Brabham-Ford
About Brabham-Ford
Origins
The Brabham-Ford partnership covers the bulk of Motor Racing Developments' middle period — from 1969 (after the disappointing 1968 Repco RB860 season) through the Bernie Ecclestone-owned years of the 1970s. The Ford-Cosworth DFV had transformed the grid since its 1967 debut at Lotus, and by 1969 every customer team that could afford one had a DFV in the back of its car.
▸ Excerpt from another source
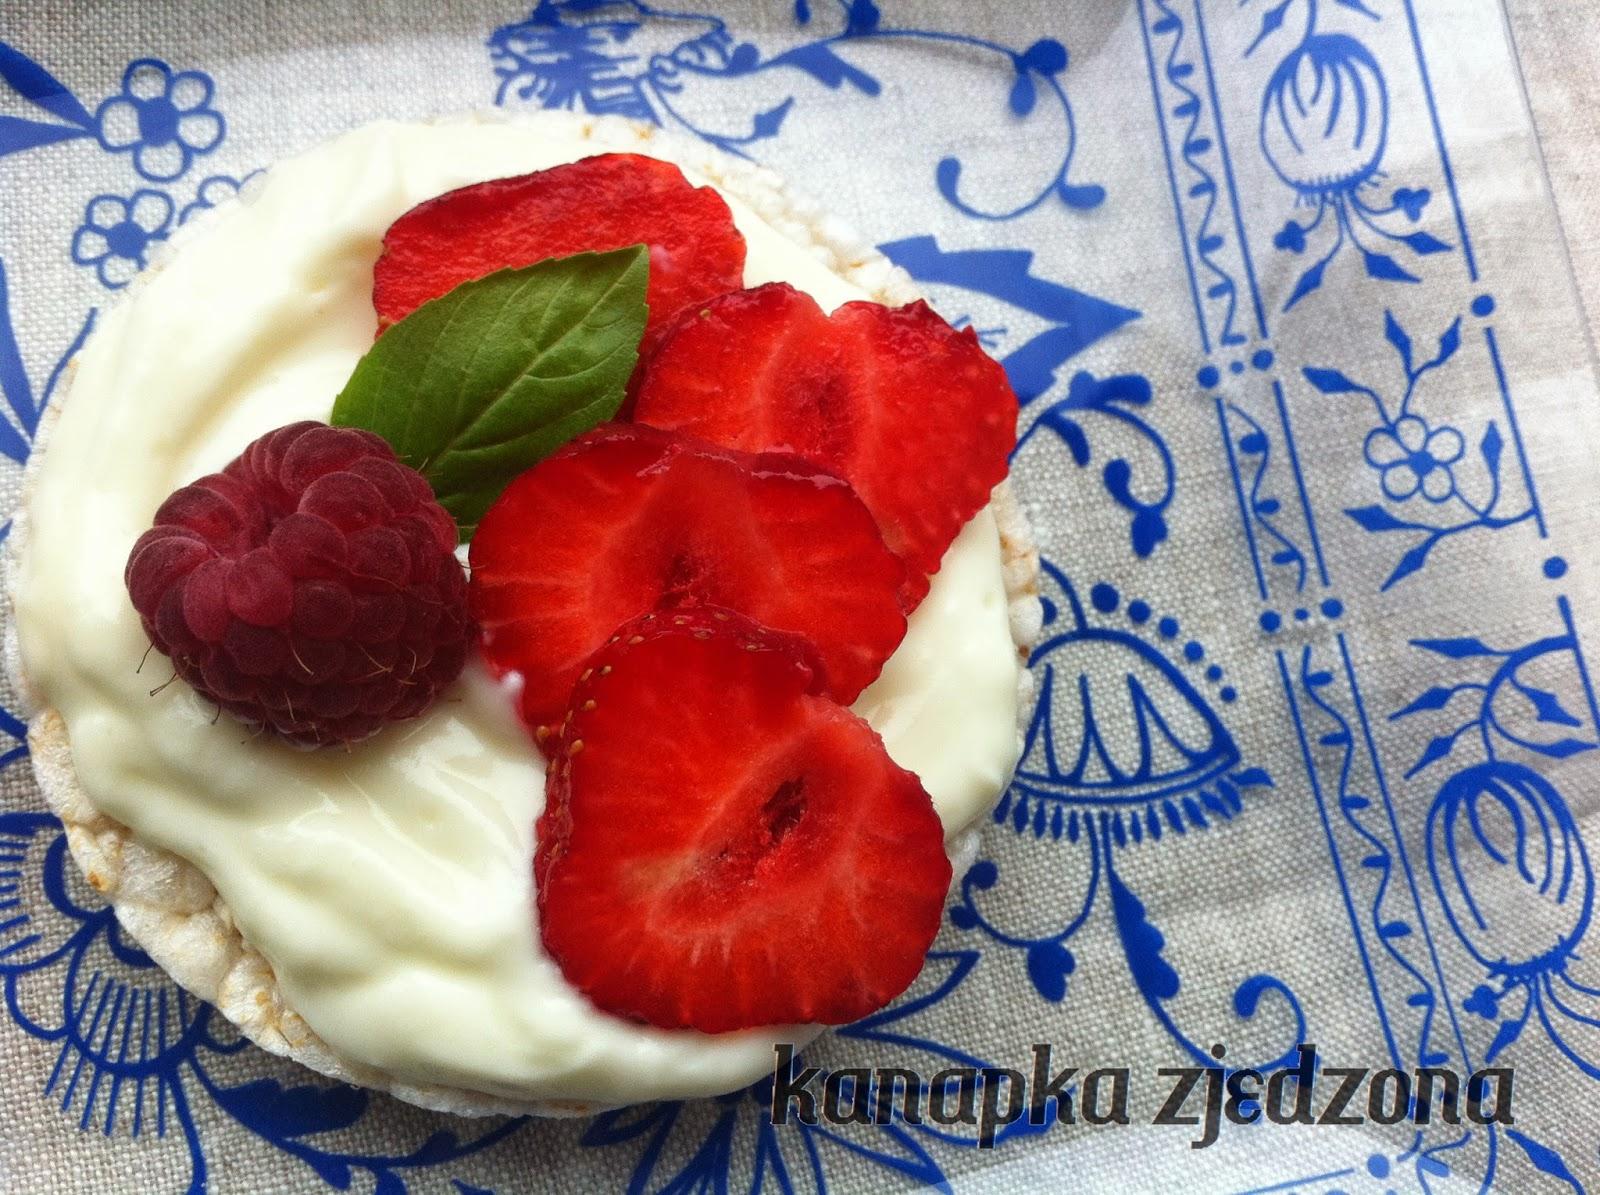 kanapka z truskawkami, sandwich with strawberries, Sandwich mit Erdbeeren,  sandwich avec fraises, sándwich con fresas

Brabham was no exception; Ron Tauranac initially designed around it, and from 1972 Gordon Murray took over the chassis department under Ecclestone's ownership.
Golden Era
The Brabham-Ford era produced one Constructors' Championship — 1981 — and one Drivers' Championship, with Nelson Piquet taking the title in the BT49C. Across the broader Ford era there were race wins for Carlos Reutemann, Niki Lauda (briefly), Carlos Pace, John Watson and Piquet himself; Pace's 1975 Brazilian Grand Prix win (his only) was scored in a Brabham-Ford BT44B. The 1981 title with the BT49C — pioneering hydropneumatic suspension to circumvent the ride-height rule — is the partnership's defining achievement.
Legendary Cars
The BT44 and BT44B of 1974–1975, designed by Gordon Murray in his early Brabham years, were among the prettiest 1970s chassis — wedged, white-and-Martini-striped, race-winning cars. The BT46 of 1978 famously appeared with the "fan car" variant that won at Anderstorp before being withdrawn under political pressure. The BT49 of 1979–1981, the Ford-engined replacement for the Alfa Romeo flat-12 era, was the chassis that delivered the 1981 title — Piquet at his most disciplined, Murray's design at its most refined. The BT49C with its hydropneumatic suspension is one of the cleverest legal interpretations of regulation in F1 history.
Lows and Reinventions
The 1976–1978 detour into Alfa Romeo flat-12 power was the Brabham-Ford era's interruption: heavier, less reliable, the Italian engine produced two race wins (Watson in Austria 1976, Lauda in Sweden 1978) but generally hurt the team. The return to Ford for 1979 was Ecclestone and Murray's pragmatic acknowledgement that the Cosworth was still the most usable engine on the grid, and it set up the title run that followed. By 1982 the team had switched to BMW turbo power for what would be the final championship era.
Modern Era
The BT44, BT46 and BT49 are among the most iconic 1970s and early 1980s F1 chassis — visually distinctive, technically inventive, and historically central to the era when British garagistes peaked as a class. Many run today in Masters Historic and FIA Historic events. Piquet's 1981 title remains the only championship won under the Brabham-Ford banner, but the era is defined as much by the design language Murray established at Brabham — geometric, lightweight, contrarian — as by any single result.